In the listing that follows, print every line exactly and leave the images out.

** Source data follows **

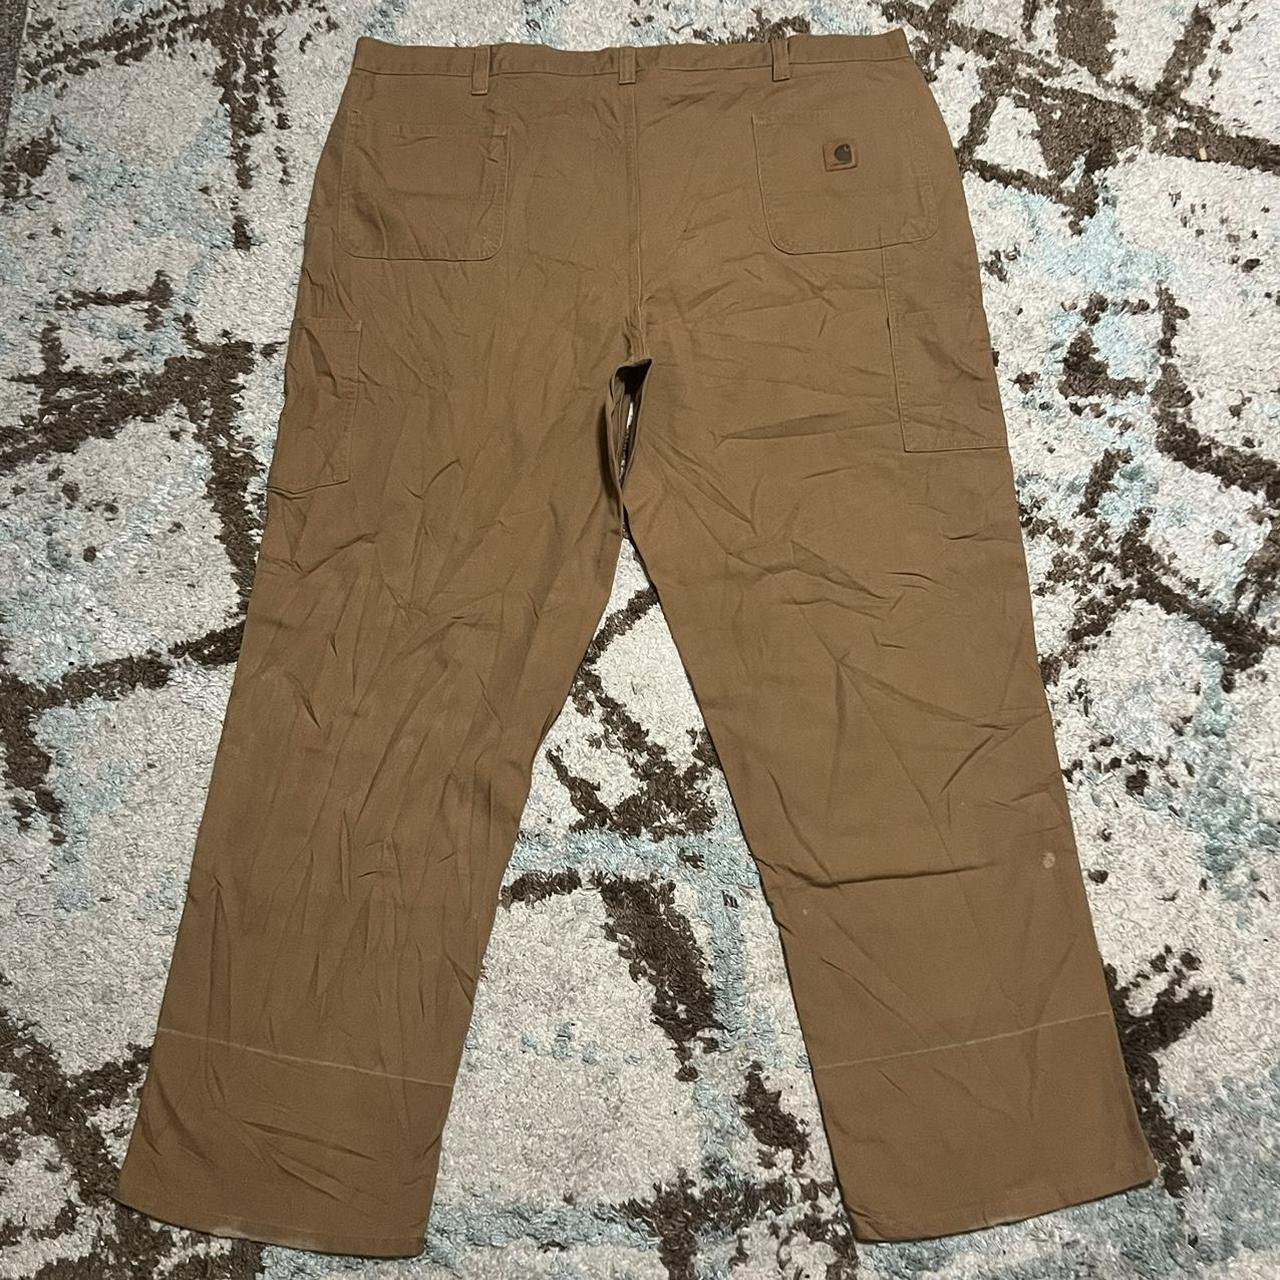 Carhartt Canvas Carpenter Pants Size 46x32 Brown... - Depop
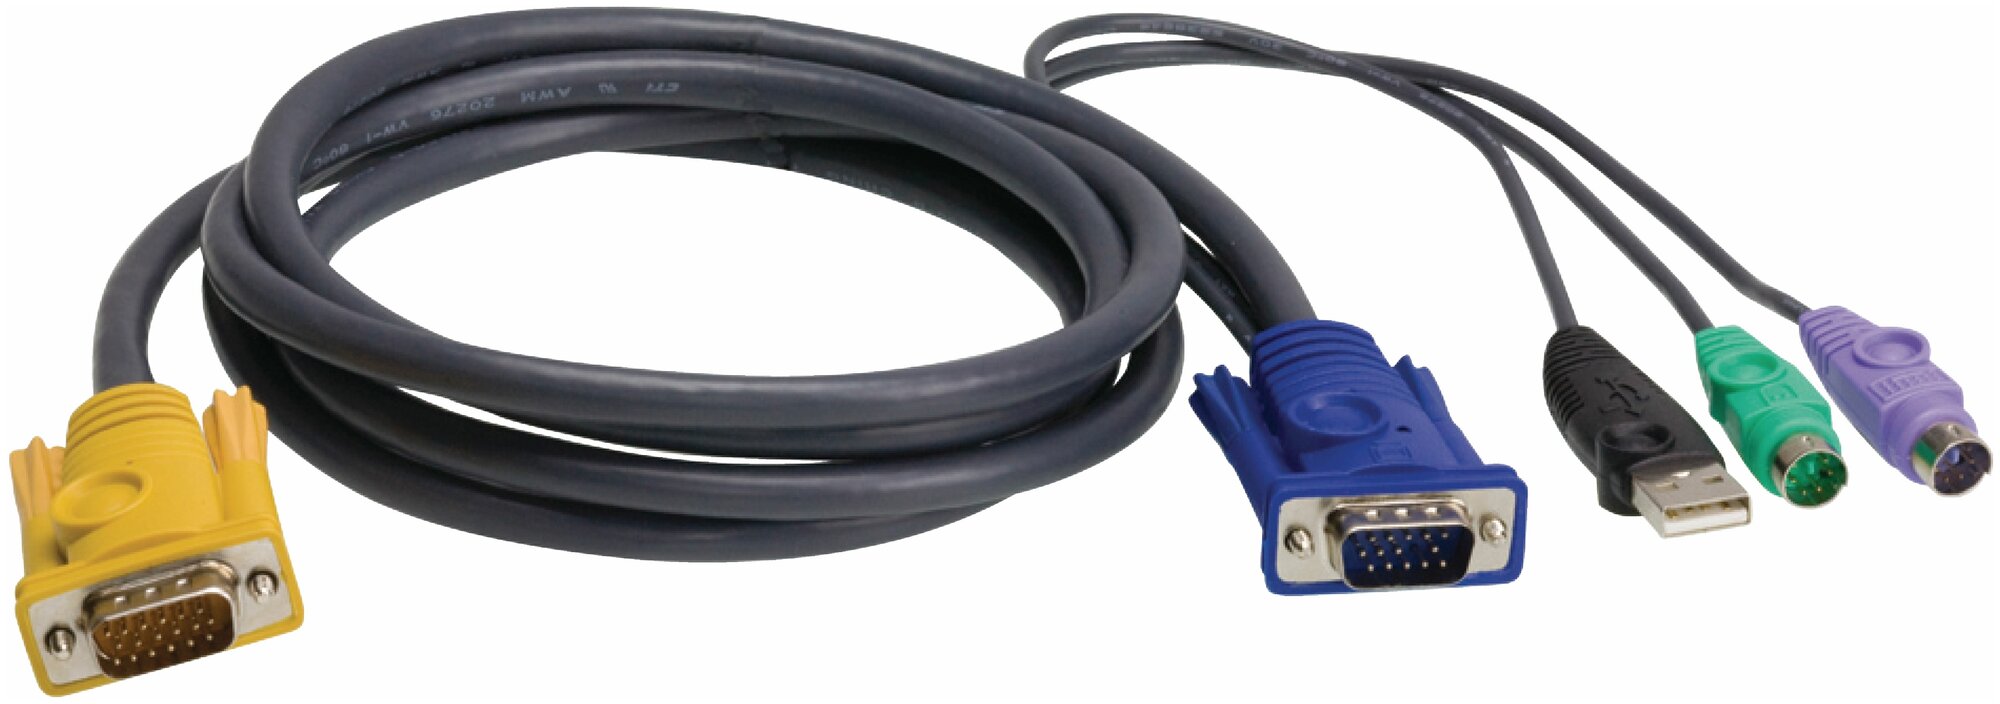 ATEN 2L-5303UP Шнур, мон, клав.+мышь USB, SPHD=>HD DB15+USB A-Тип+2x6MINI-DIN, Male-4xMale, 8+8 проводов, опрессованный, 3 метр, черный, (с поддерKой KVM PS/2) 2L-5303UP
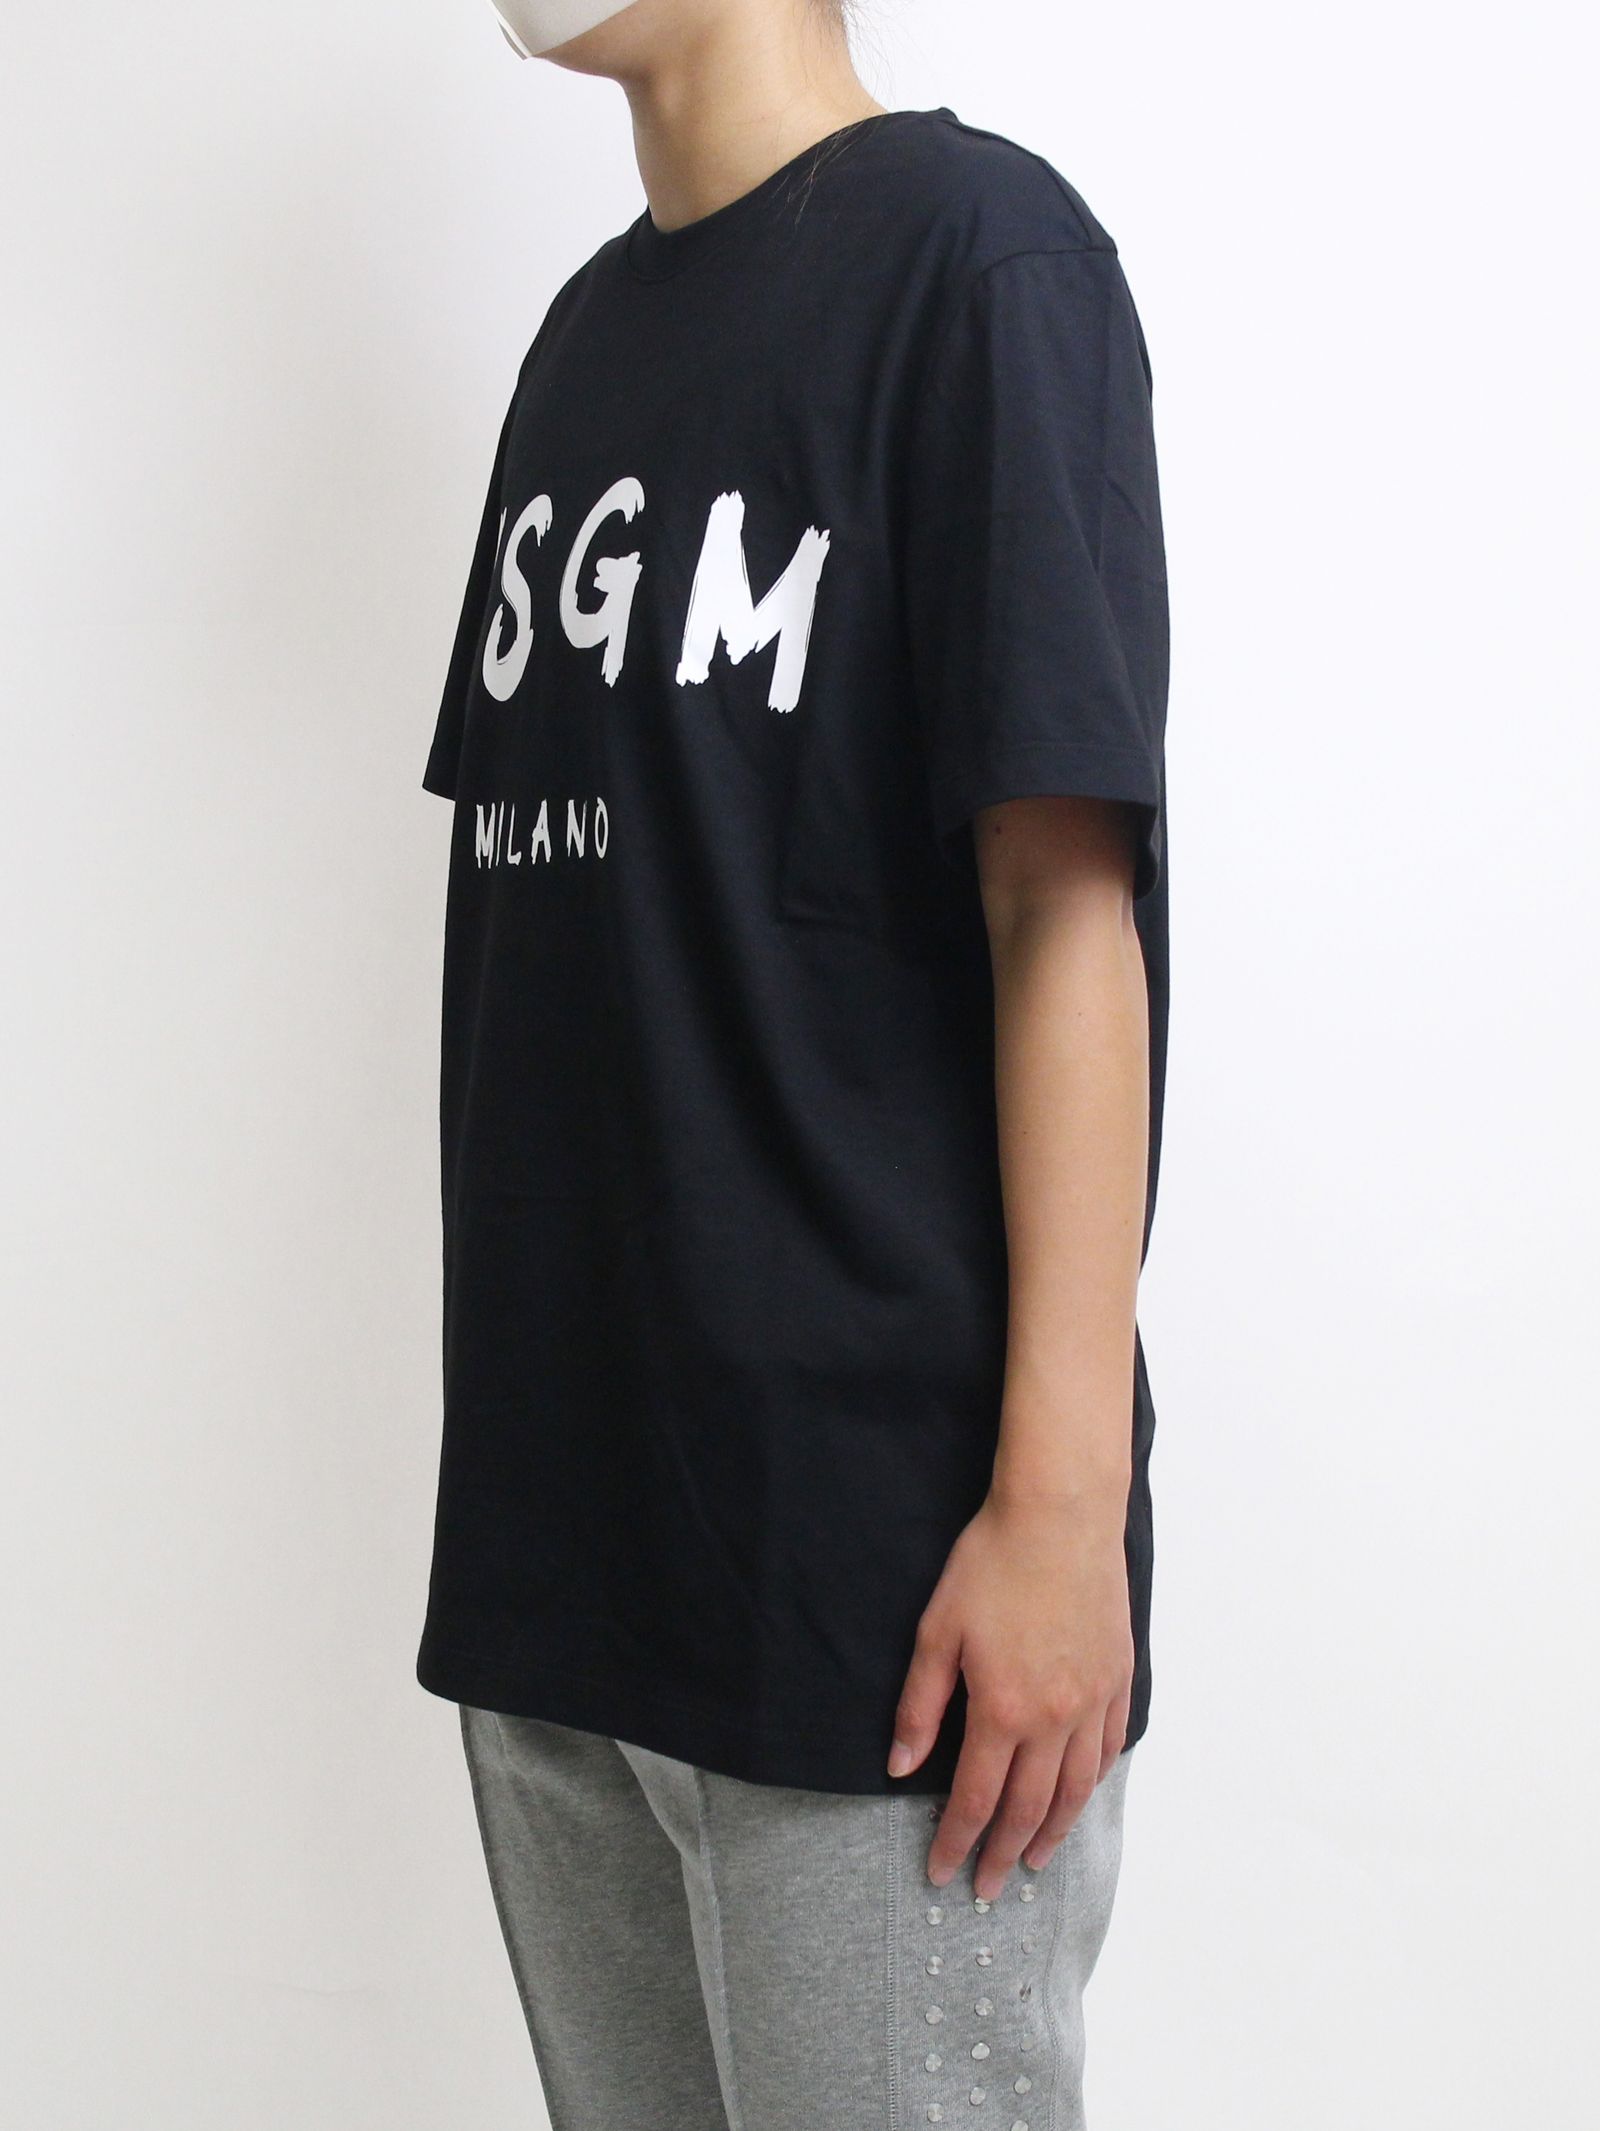 ロゴプリントTシャツ - PAINT BRUSHED LOGO T-SHIRTS - BLACK - Black - XS

** End of Source data **

> [Answer for the task]:
 Carhartt Canvas Carpenter Pants Size 46x32 Brown... - Depop
 ATEN 2L-5303UP Шнур, мон, клав.+мышь USB, SPHD=>HD DB15+USB A-Тип+2x6MINI-DIN, Male-4xMale, 8+8 проводов, опрессованный, 3 метр, черный, (с поддерKой KVM PS/2) 2L-5303UP
 ロゴプリントTシャツ - PAINT BRUSHED LOGO T-SHIRTS - BLACK - Black - XS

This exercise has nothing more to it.